Login | Register For Free | Help
Search for: (Advanced)

Mailing List Archive: Varnish: Misc

Mass redirects/backend selection with Varnish?

 

 

Varnish misc RSS feed   Index | Next | Previous | View Threaded


jwellband at gmail

Oct 23, 2011, 10:40 AM

Post #1 of 3 (312 views)
Permalink
Mass redirects/backend selection with Varnish?

We're looking to move from squid as a reverse proxy to using varnish.
However, I'm not able to come up with a drop-in replacement for
backend selection and 301 redirects.

Currently, we have squid using squirm[1] as a redirector. For every
request coming to squid, a list of squirm patterns (regexes) is
consulted and a rewritten URL is constructed. This URL can be either a
301 redirect (URL prefaced with "301:") or a backend URL. If it's a
301, squid removes the 301: and serves up the redirect. If it's a
backend URL, squid rewrites the URL internally (the new URL is what
gets stored in the cache but the client never sees it) and fetches it
from the backend. We don't configure squid itself to use a single
origin. If the URL isn't matched by a squirm pattern, it's not
successfully served by squid.

Given a single squid instance (we have 7 currently), there can be
anywhere from 50 to 1000 patterns. They are stored in a
space-delimited text file with a regex that is matched on the URL and
a rewritten URL, some of which use backreferences from the matched
regex.

Obviously, we could do this with a giant list of if statements using
req.url and/or req.host. This doesn't strike me as ideal. Our thinking
is to abstract the selection of backend URL and/or whether to 301
redirect out of VCL. We've considered writing a custom VMOD to handle
this (either implement the squirm functionality or use squirm in the
same way that squid does), but I wanted to get the community's take
before we reinvent the wheel or do something crazy.

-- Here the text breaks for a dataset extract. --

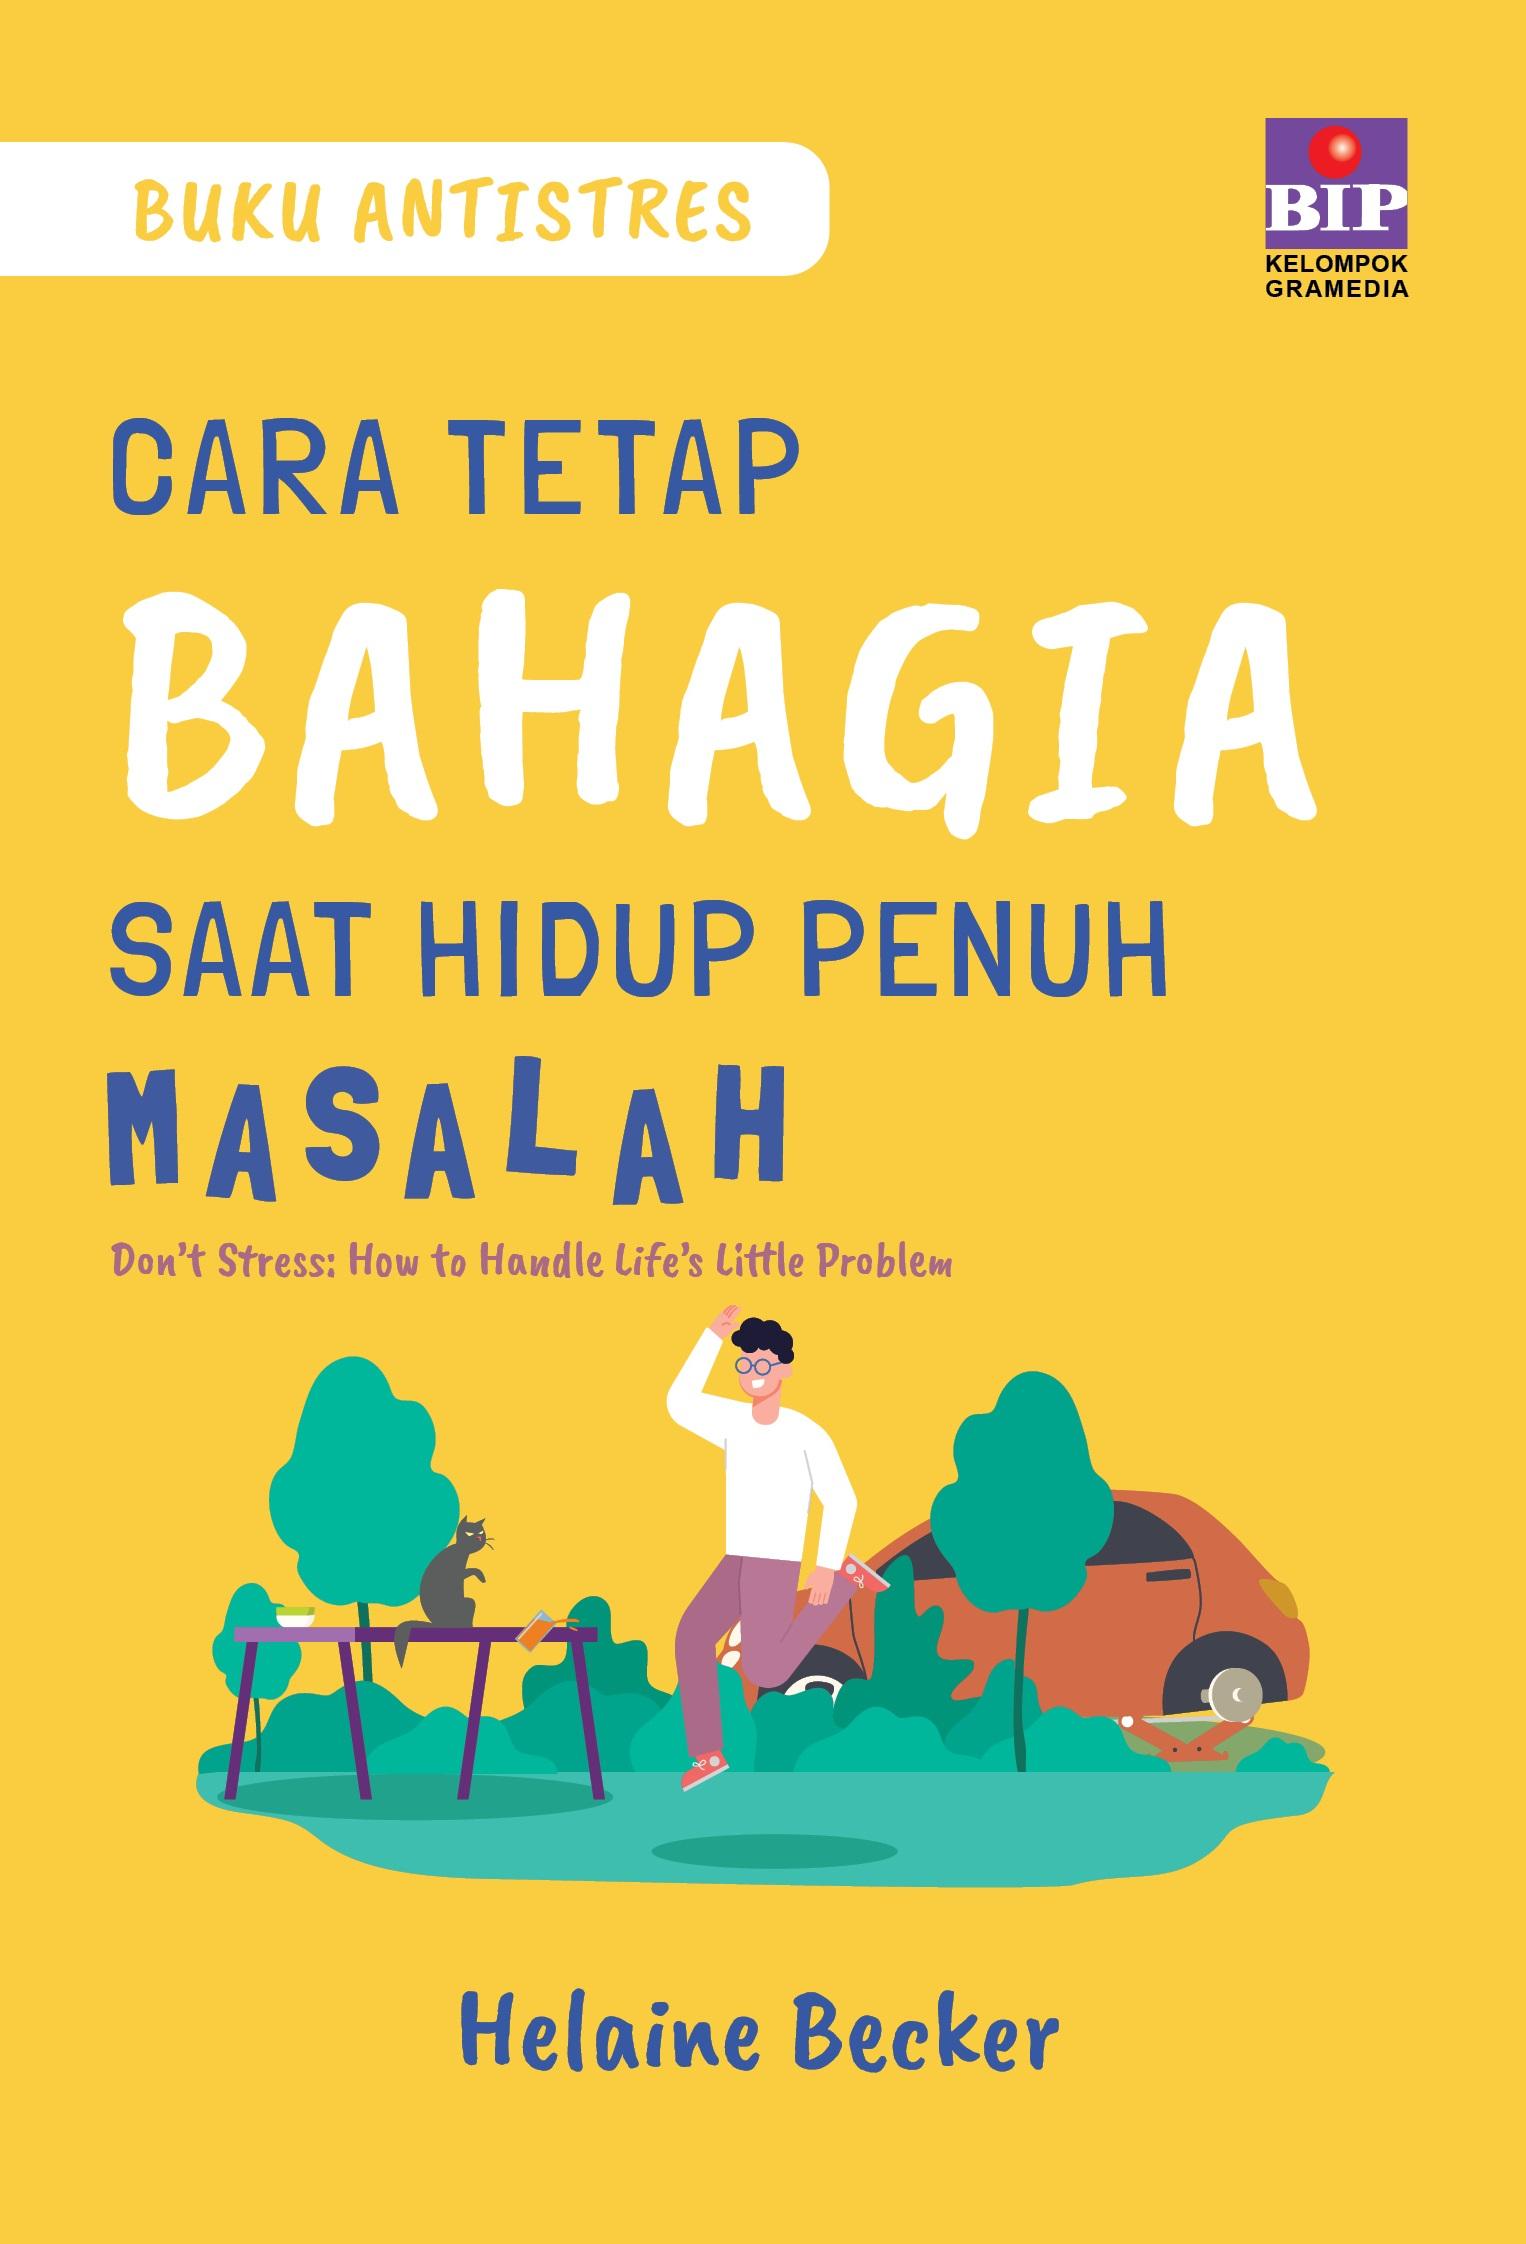 Buku Antistres : Cara Tetap Bahagia Saat Hidup Penuh Masalah HELAINE BECKER

Is this something that is feasible with varnish or should I move this
functionality elsewhere in the stack? Any ideas are welcome.

Thanks much!

[1] http://squirm.foote.com.au/

--
HTH, YMMV, HANW :)

Jason

The path to enlightenment is /usr/bin/enlightenment.

_______________________________________________
varnish-misc mailing list
varnish-misc [at] varnish-cache
https://www.varnish-cache.org/lists/mailman/listinfo/varnish-misc


varnish at mm

Oct 24, 2011, 7:05 AM

Post #2 of 3 (309 views)
Permalink
Re: Mass redirects/backend selection with Varnish? [In reply to]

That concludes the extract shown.